In the table below, I’ve sorted the results by Kendall’s $\tau$ for the entire draft (which by default places SI last). I personally think that Kendall’s $\tau$ does a better job than Spearman’s $\rho$ because it is not nearly as sensitive to “bad” misses. For instance, Spearman’s $\rho$ seriously penalizes several of the mocks for their second round performance. I would expect second round scores to be considerbaly lower than those of the first round due to the inclusion of first round projections (e.g., Deyonta Davis) as well as the inherent unpredictability and obscurity of those picks. That said, zero—or even negative—correlation is not intuitively appealing. Regardless of the metric used, DraftExpress is the clear winner, as was also the case in the Nylon Calculus article.

draft_scores.sort_values('Tau_Overall', ascending = False)
Rho_Overall Rho_Round1 Rho_Round2 Tau_Overall Tau_Round1 Tau_Round2
DraftExpress 0.863823 0.728365 0.404894 0.726554 0.604598 0.540230
NBA 0.798138 0.468743 0.315907 0.649718 0.457471 0.512644
NBADraft 0.806891 0.528142 -0.008454 0.648588 0.425287 0.388506
Vecenie 0.801278 0.382870 0.198220 0.641808 0.388506 0.512644
Parrish 0.765351 0.554171 0.236707 0.637288 0.494253 0.540230
NBADraftConsensus 0.752931 0.415350 -0.145717 0.624859 0.416092 0.365517
BR 0.764379 0.349722 -0.008676 0.596610 0.379310 0.439080
SI NaN 0.486318 NaN NaN 0.494253 NaN

Below, I’ve included a full comparison of several rankings.

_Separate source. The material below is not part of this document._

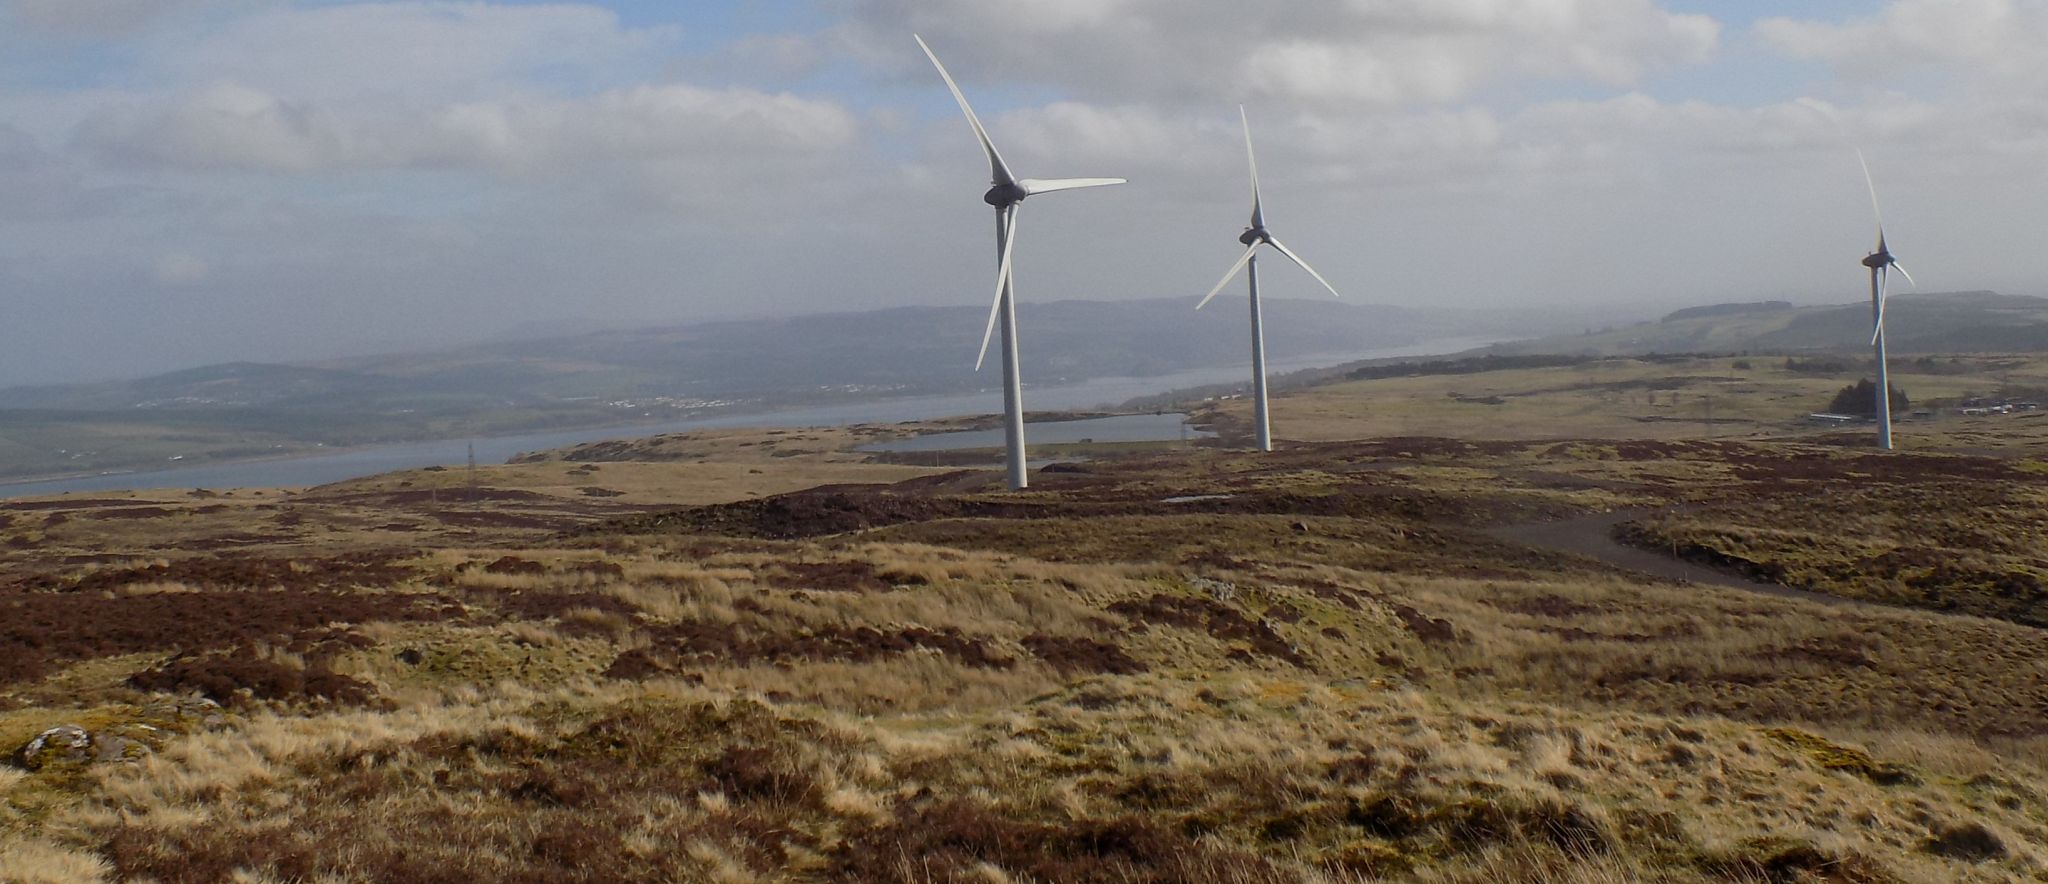 Wind turbine farm on Corlic Hill

ranks = pd.DataFrame({"Kendall's Tau": draft_scores.sort_values('Tau_Overall', ascending = False).index,
                      "Spearman's Rho": draft_scores.sort_values('Rho_Overall', ascending = False).index,
                      "Kendall's Tau Round 1": draft_scores.sort_values('Rho_Round1', ascending = False).index,
                      'Nylon Calculus': ['DraftExpress', 'NBADraft', 'NBA', 'Parrish', 'Vecenie',
                                      'NBADraftConsensus', 'BR', 'SI']
                              })
ranks.index = np.arange(1,9) 
ranks.index.name = 'Rank'
ranks
Kendall's Tau Kendall's Tau Round 1 Nylon Calculus Spearman's Rho
Rank
1 DraftExpress DraftExpress DraftExpress DraftExpress
2 NBA Parrish NBADraft NBADraft
3 NBADraft NBADraft NBA Vecenie
4 Vecenie SI Parrish NBA
5 Parrish NBA Vecenie Parrish
6 NBADraftConsensus NBADraftConsensus NBADraftConsensus BR
7 BR Vecenie BR NBADraftConsensus
8 SI BR SI SI

I think my rankings compare favorably with the weighted absolute error-based rankings presented in the Nylon Calculus article. There are a few switched positions here and there, but I would argue that in the aggregrate they are very similar. Perhaps the most glaring discrepancy concerns the NBADraft.net rankings. By Kendall’s $\tau$, it was the fourth best mock, while Nylon Calculus placed it second. In the end, I believe that rank correlation-based metrics are more suitable to assess the mock draft predictions, as NBA draft picks are ordinal by nature.

The rank methods are not perfect, however. Most notably, it should be a bigger deal to miss the first pick by one slot than the $52^{nd}$ selection by one slot. This is not captured in the correlation methods presented here and hopefully can be incorporated in the future. Nevertheless, I would still lend a good deal of credence to the correlation-based methods.